The confusing terminology mentioned in the question deals with entering and exiting option orders. In review, there are two main ways in which you can participate in options: You can either buy an option or write an option (also called selling an option). When you buy an option you are purchasing the right to either buy (call option) or sell (put option) the underlying asset at a set price before a set date. If you write an option, you are selling this right for a premium.
When you enter a trade, you are essentially opening a position, hence the phrases “sell to open” and “buy to open.” If you are buying an option, either a put or a call, you must enter a “buy to open” order. If you are writing an option, you must enter a “sell to open” order.

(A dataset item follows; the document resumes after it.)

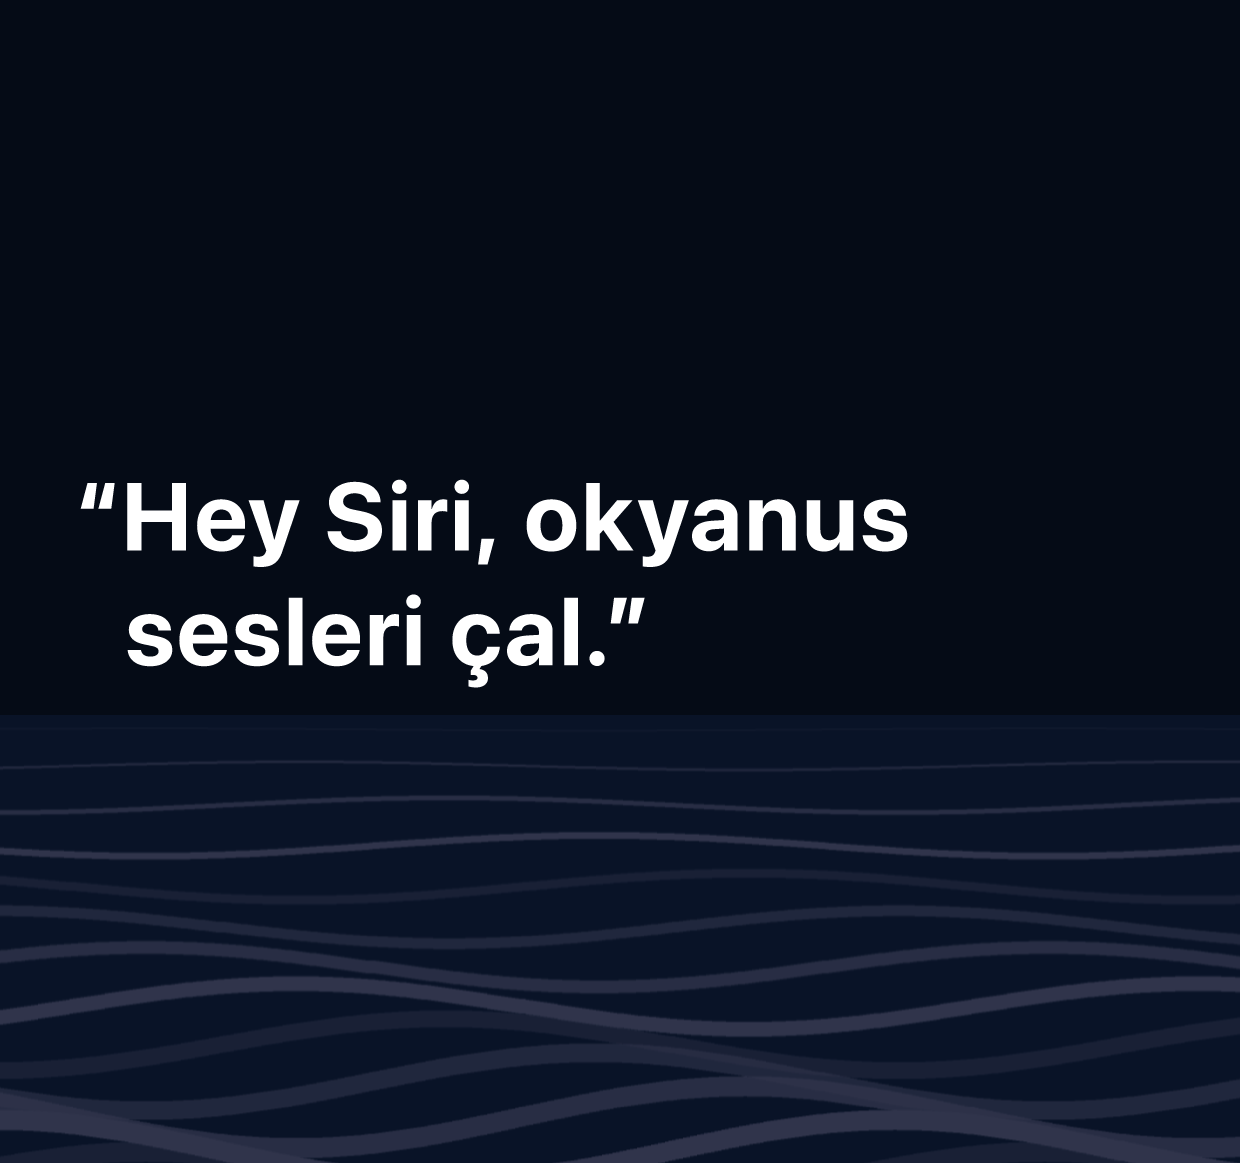 “Hey Siri, okyanus sesleri çal” sözcüklerinin gösterildiği bir resim.

Now, to exit an order, you need to close your options position. If you bought an option, you need to use a “sell to close” order, which is essentially like owning a stock where you sell it back into the market to close out the position. If you wrote an option, you will need to use the “buy to close” order. While it may seem odd that you would buy to close a position, by taking a long position in the option, you neutralize the rights you sold when you wrote the option with the rights gained when you buy the new options, which closes your position.
For example, let’s look at a call option on Citigroup (C) stock, trading for a $1.45 premium and set to expire two-and-a-half months from now on Jan.19, 2018. Citi’s stock price is currently trading for $74 and the strike price on the call is $78. A trader who wants to buy the rights to purchase Citi in two and-a-half months time for $78 may decide to buy this call option. When he makes the order through his brokerage account, he’ll enter a buy to open order, thereby opening his position on the option. If Citigroup’s stock price increases to, say, $80.00 before it expires, the trader will exercise his option with a sell to close order. This means that his open option will be closed when he sells the option.
In summary, a person holding a short position (contract writer) can sell to open (enter a contract) or buy to close (close a position). A person holding a long position (contract purchaser) can buy to open (enter a position) or sell to close (close a position).